• _Source data_:
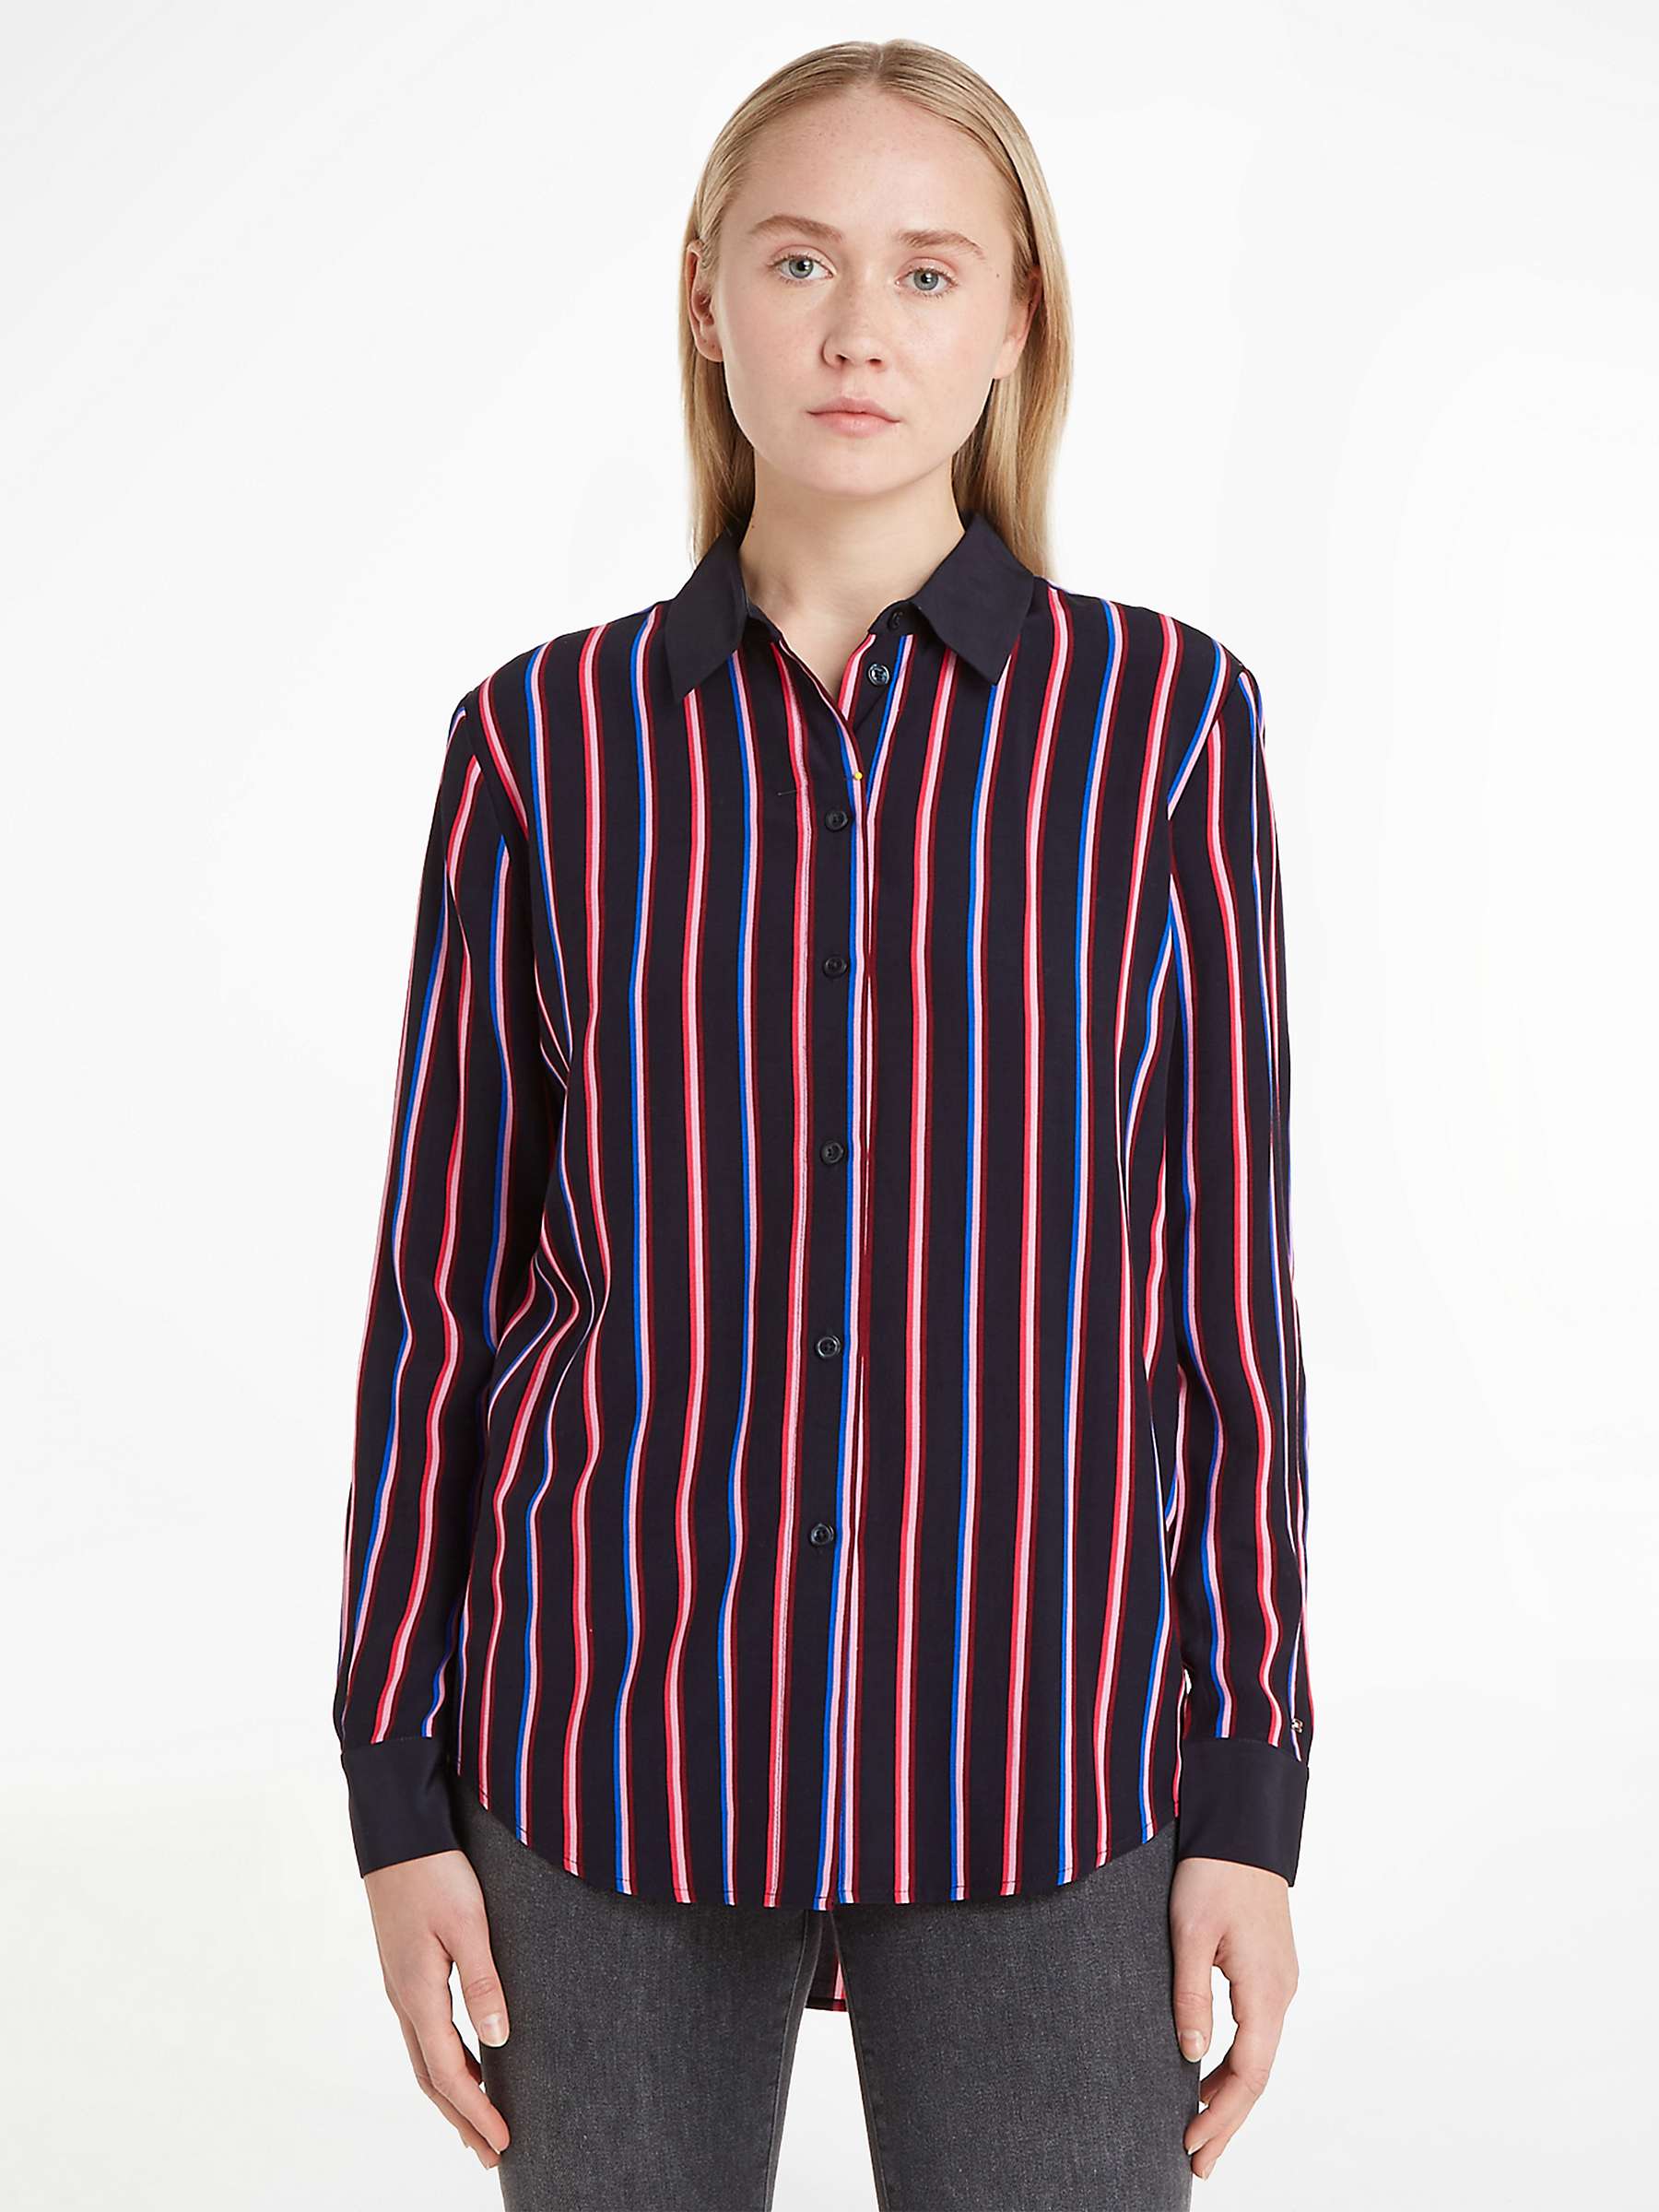 Buy Tommy Hilfiger Fleur Stripe Shirt, Mini Pop Stripe Online at johnlewis.com
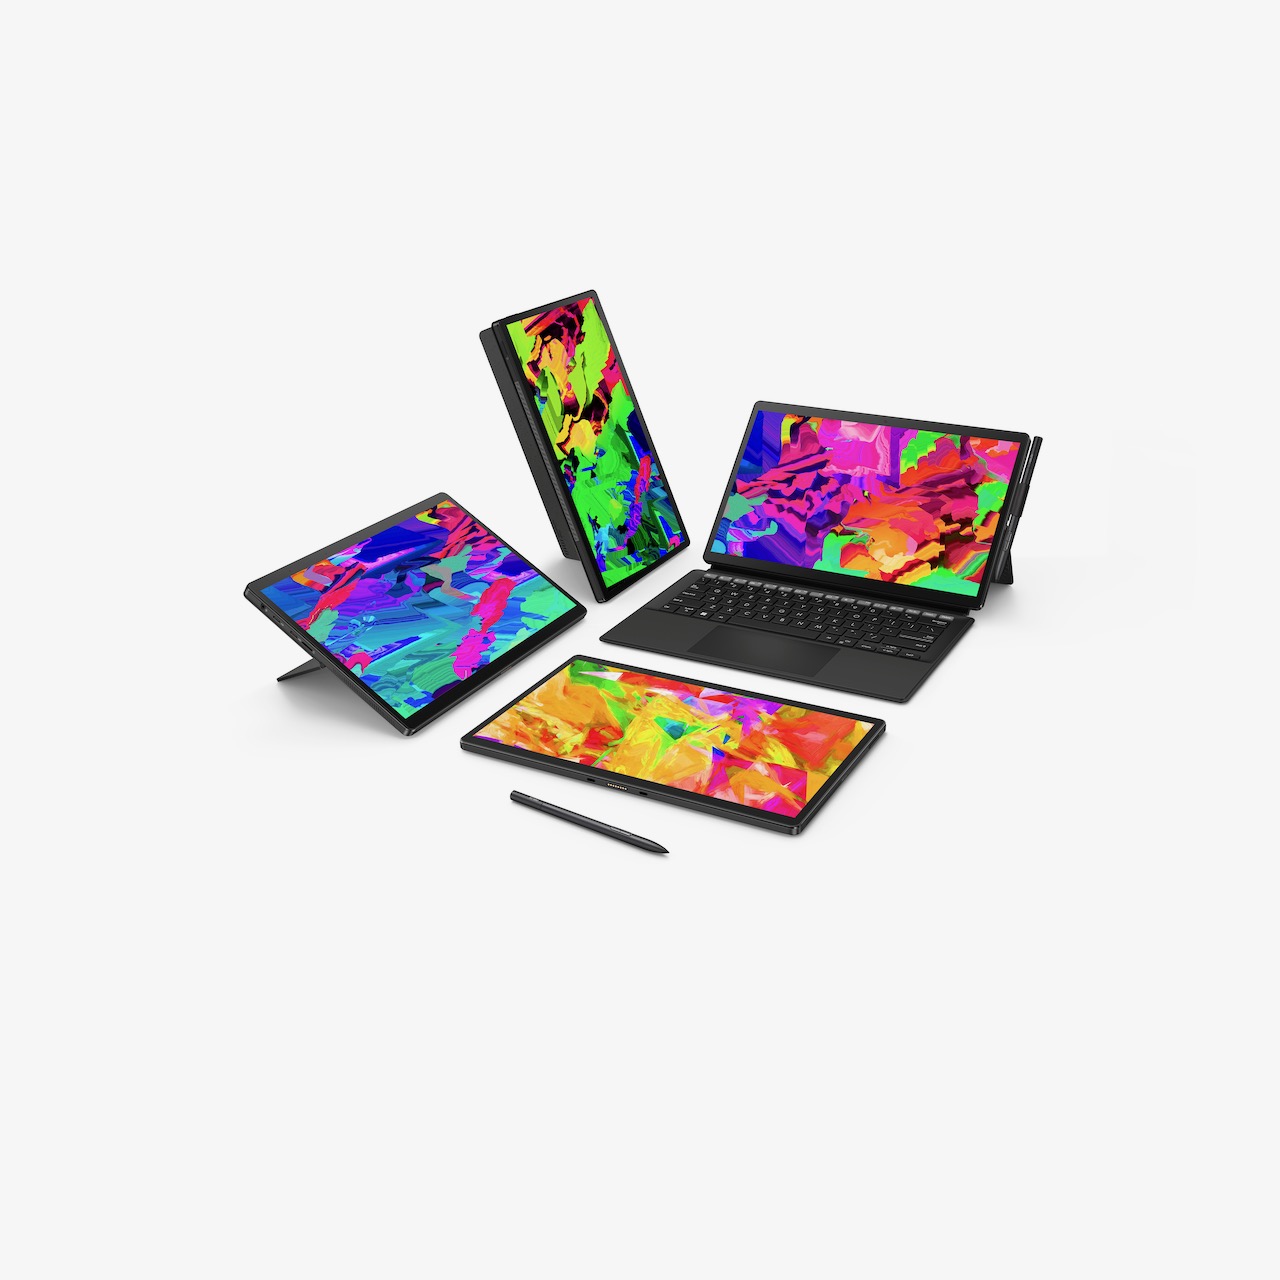 ASUS announced Vivobook 13 Slate OLED
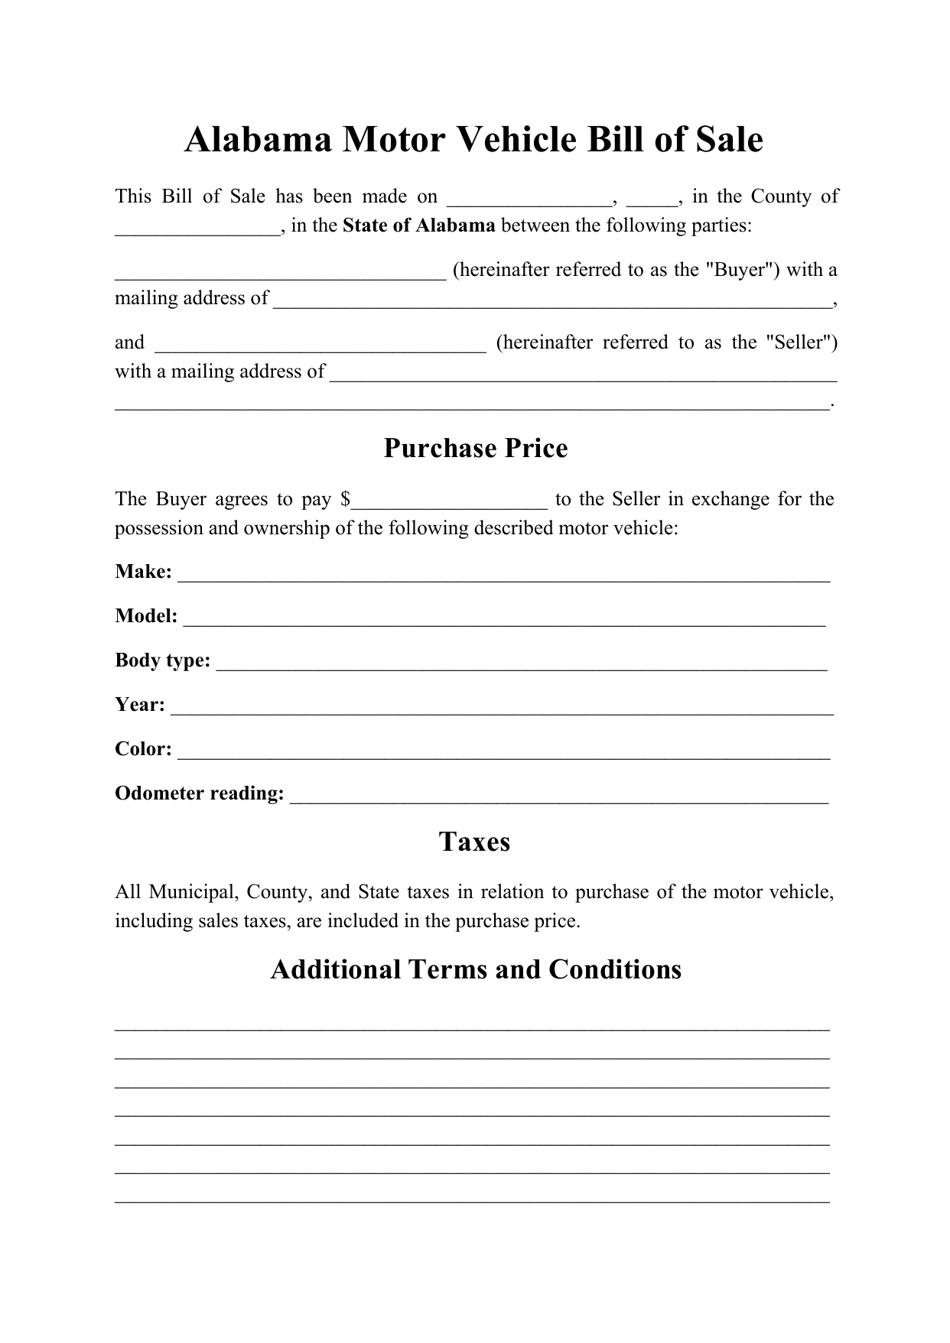 Alabama Motor Vehicle Bill of Sale Form Download Printable PDF
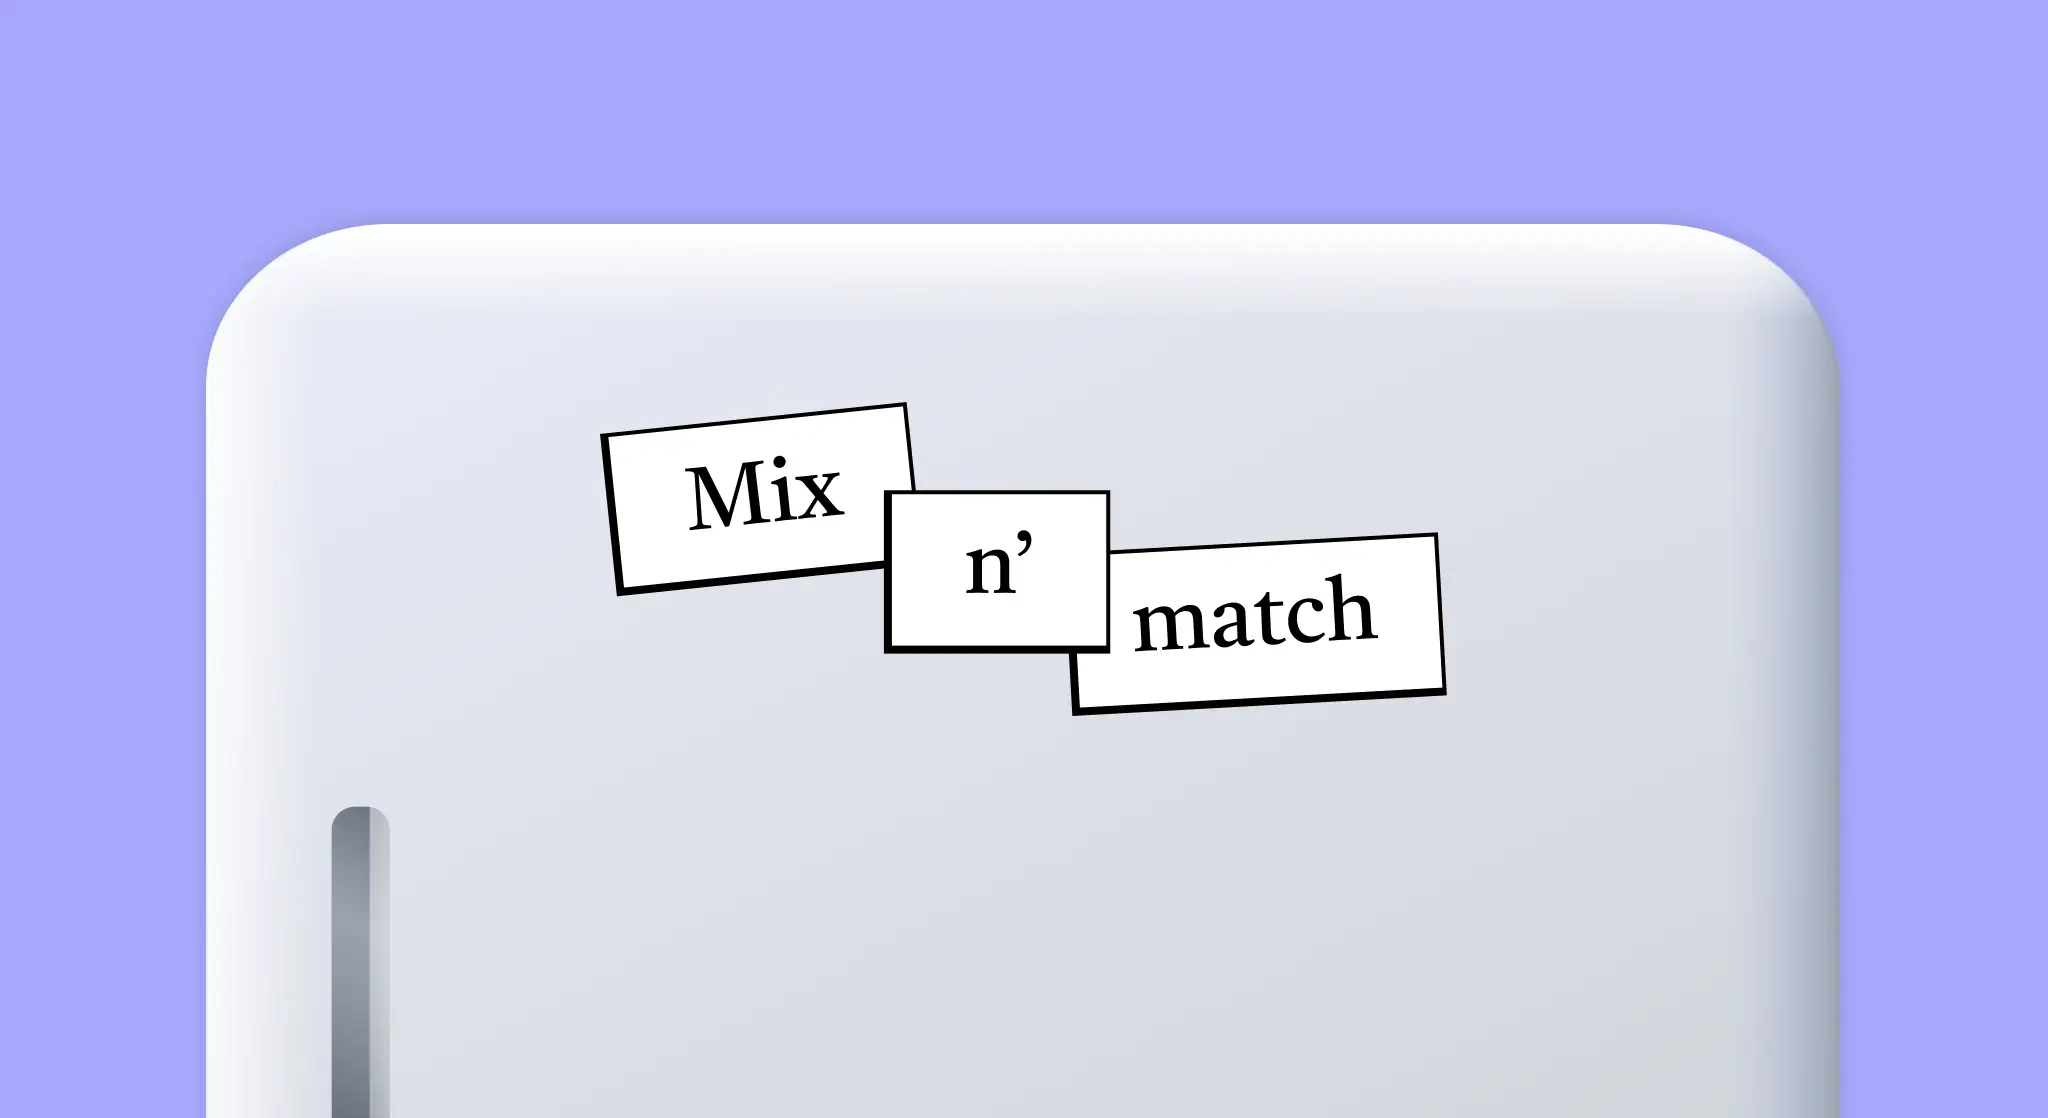 Build sentences with random fridge magnet words.

• _Task directions_:
The finished copy should match the data above word for word and contain no pictures.

• _Task solution_:
 Buy Tommy Hilfiger Fleur Stripe Shirt, Mini Pop Stripe Online at johnlewis.com
 ASUS announced Vivobook 13 Slate OLED
 Alabama Motor Vehicle Bill of Sale Form Download Printable PDF
 Build sentences with random fridge magnet words.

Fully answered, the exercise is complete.